A faithful copy is needed of the lines below from the one with "発疹スキム前部Yankee Candle Lサイズ" up to and including the one with "7 Lettere all'Anima Gemella"; set it down with no pictures and no other lines.

Listed entries:
((
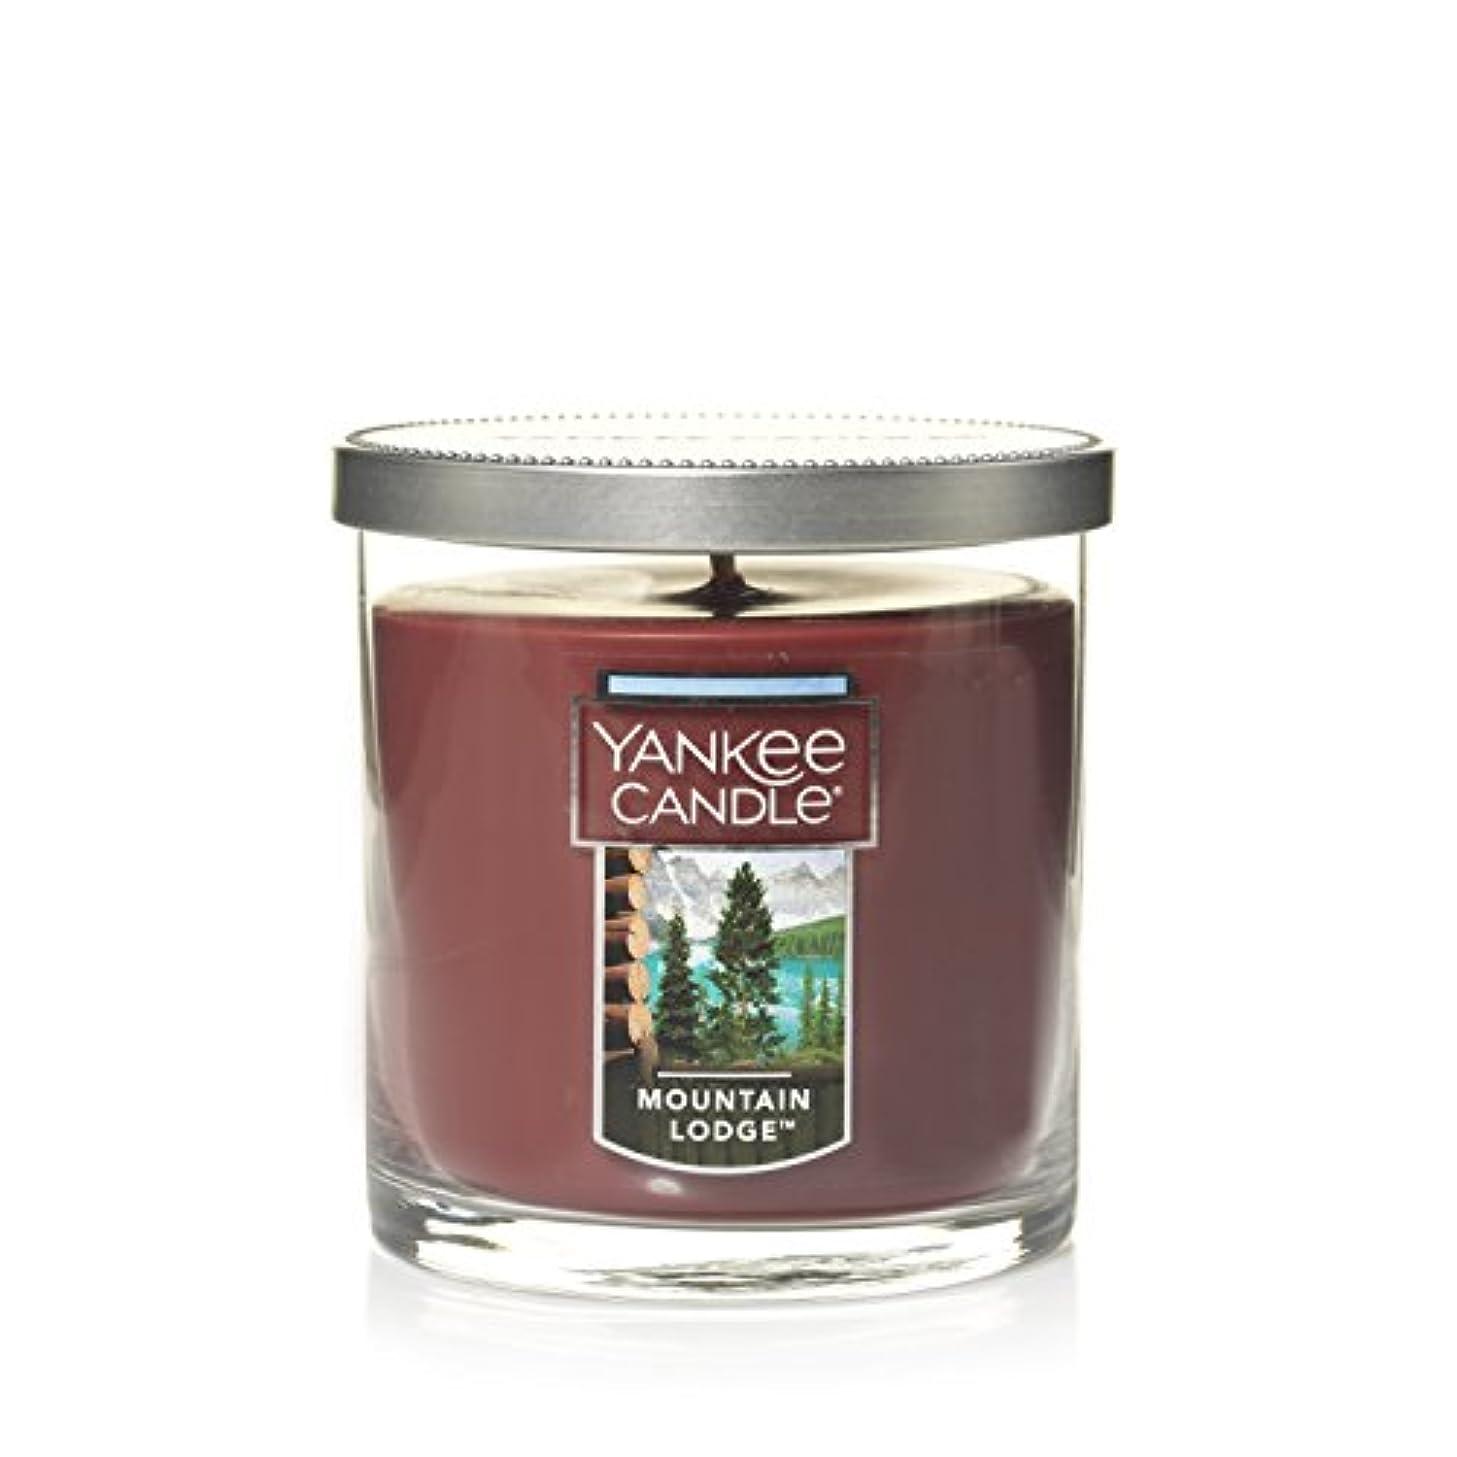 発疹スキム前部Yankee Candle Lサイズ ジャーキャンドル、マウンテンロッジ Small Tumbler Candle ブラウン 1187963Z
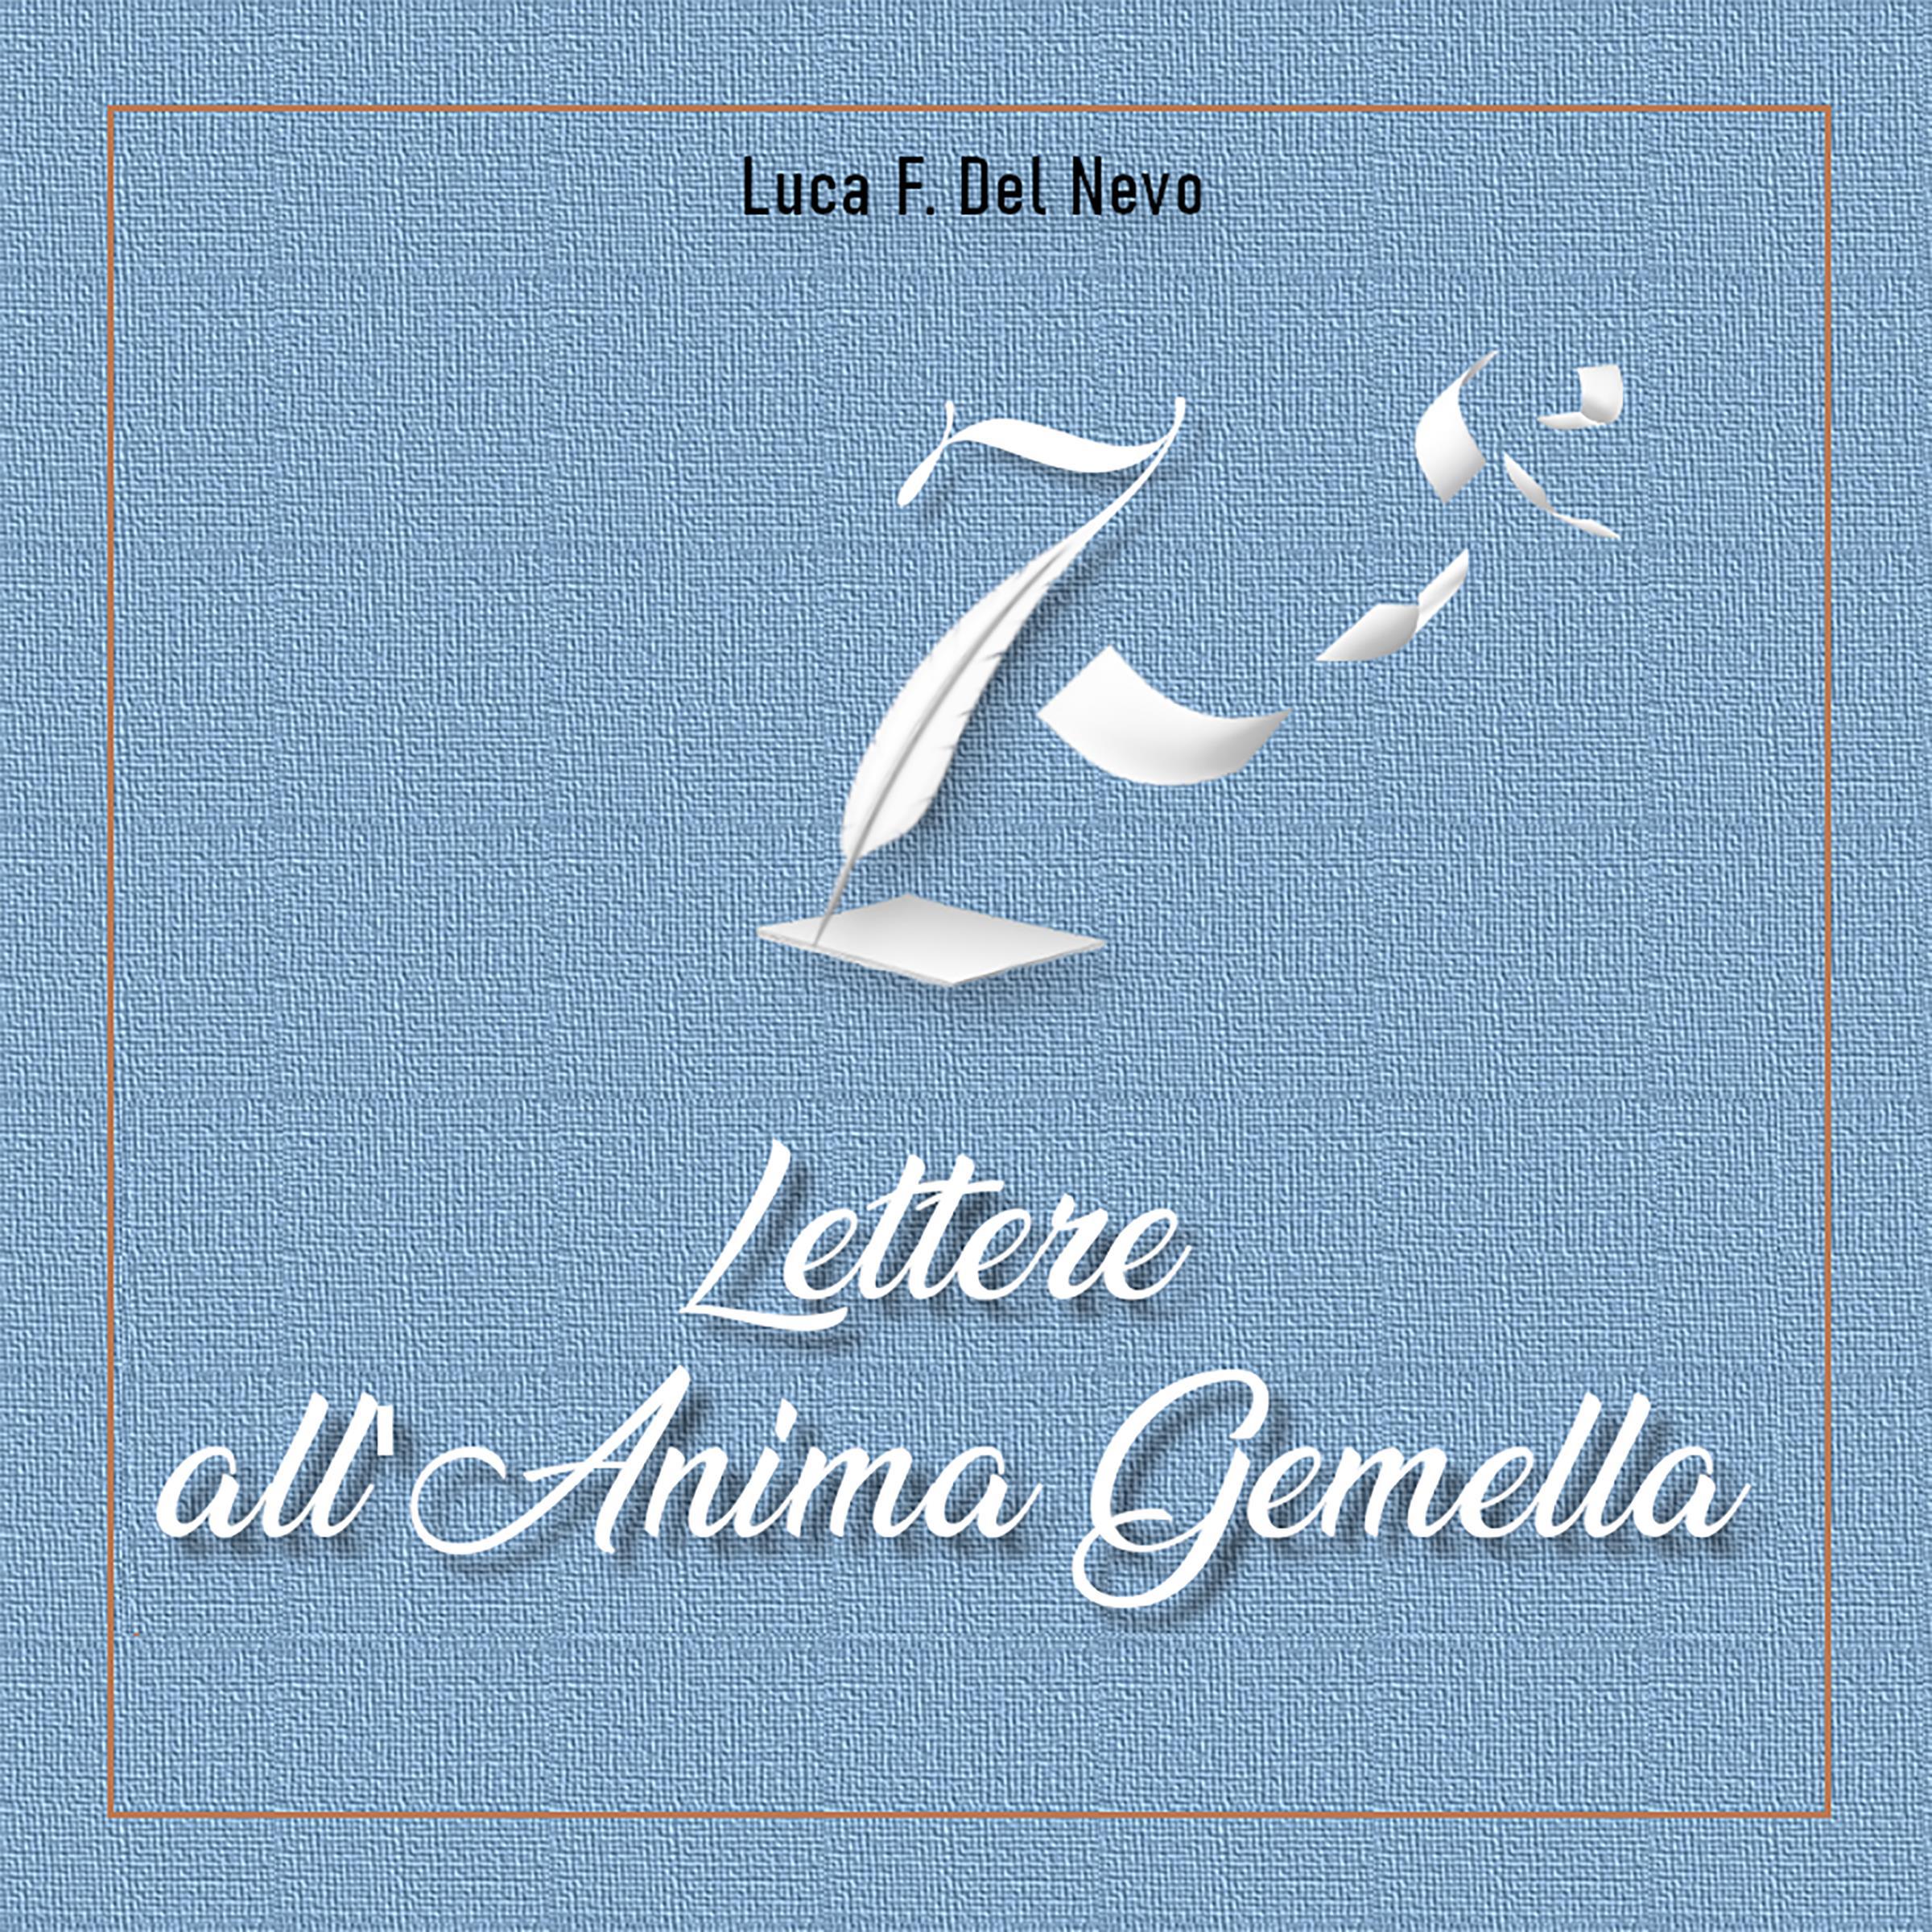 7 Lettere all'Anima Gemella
))
((
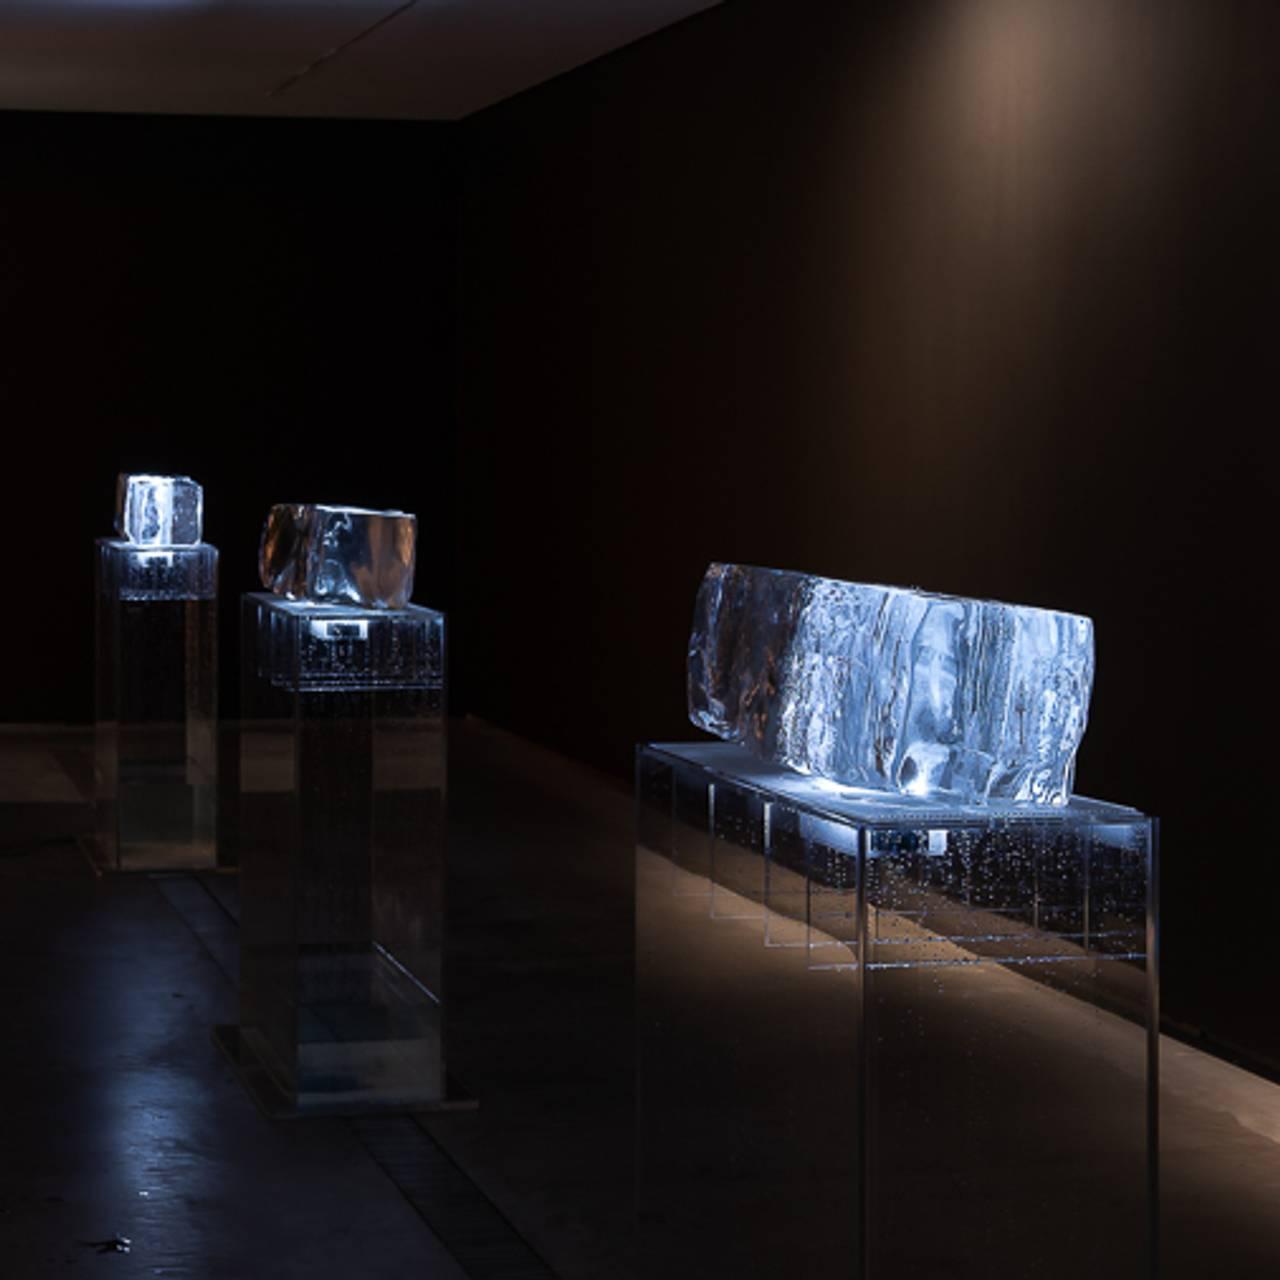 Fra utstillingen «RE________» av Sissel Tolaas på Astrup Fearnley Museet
))
((
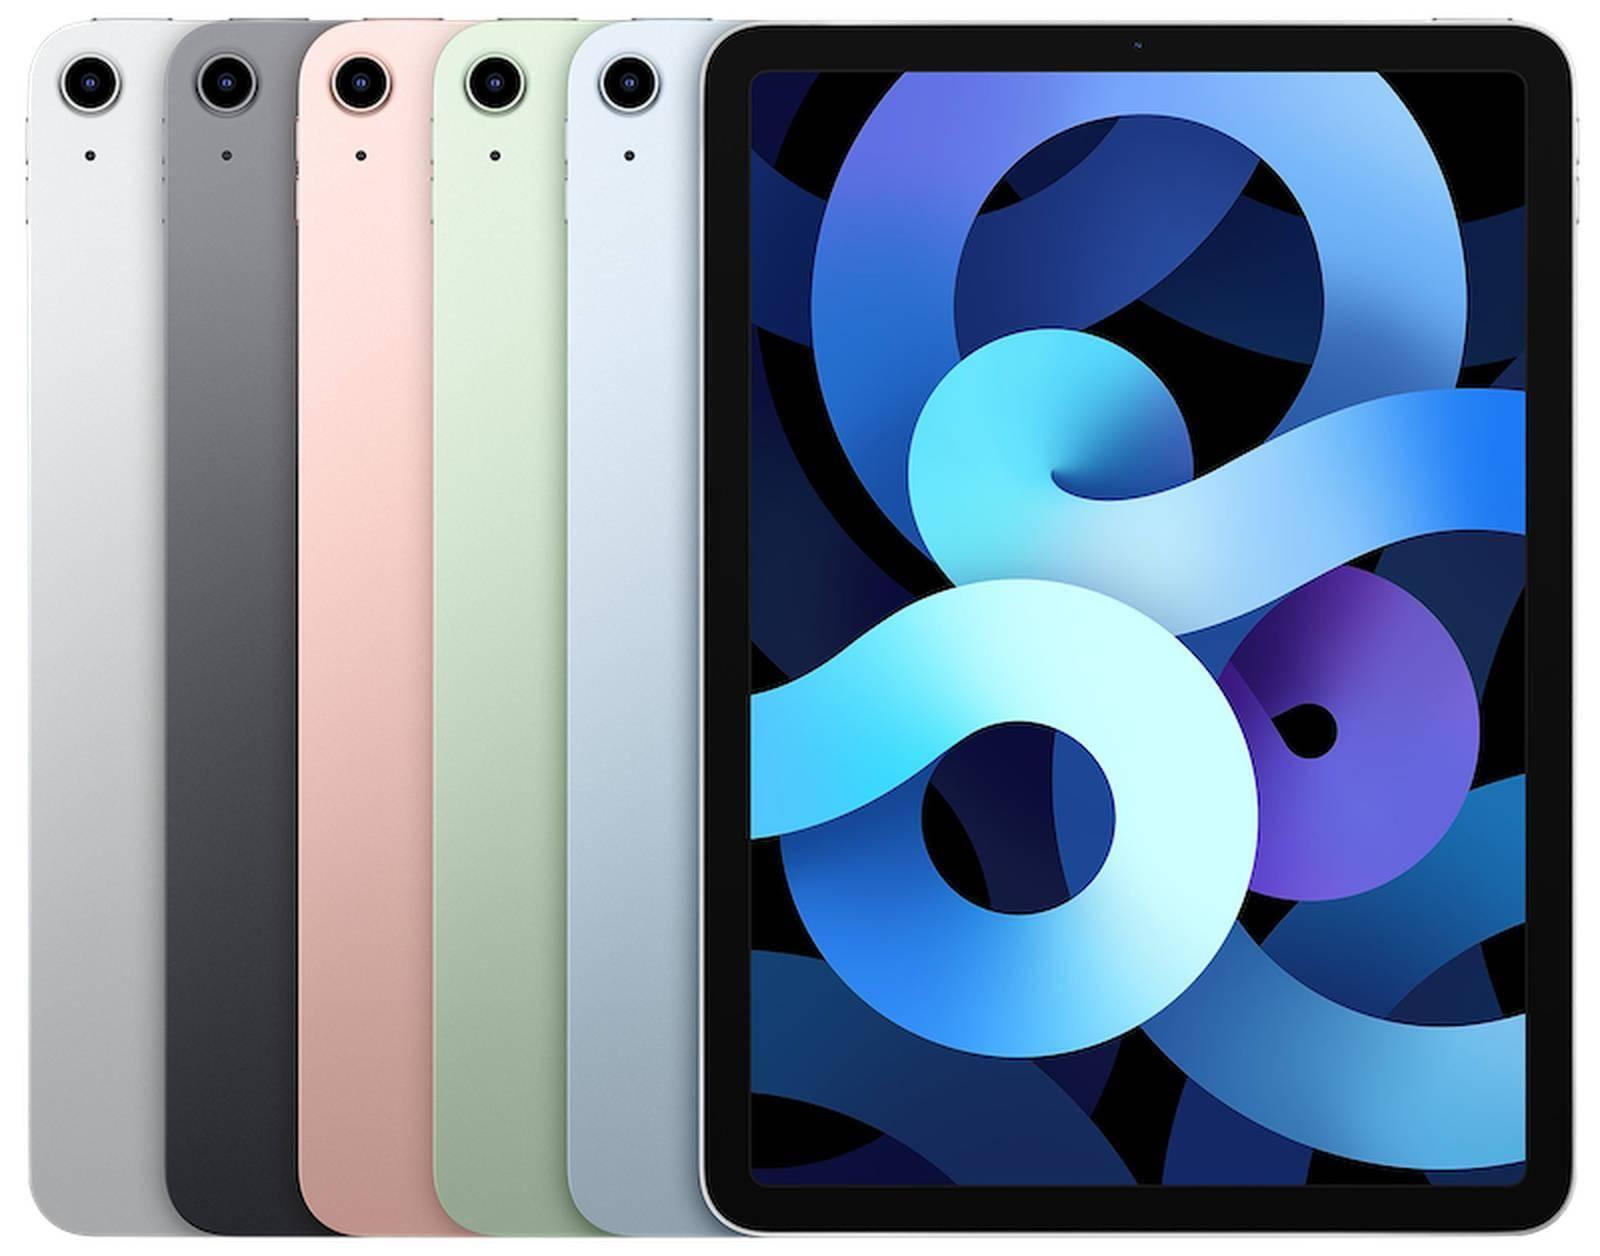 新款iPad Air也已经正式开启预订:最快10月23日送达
))
Task output:
 発疹スキム前部Yankee Candle Lサイズ ジャーキャンドル、マウンテンロッジ Small Tumbler Candle ブラウン 1187963Z
 7 Lettere all'Anima Gemella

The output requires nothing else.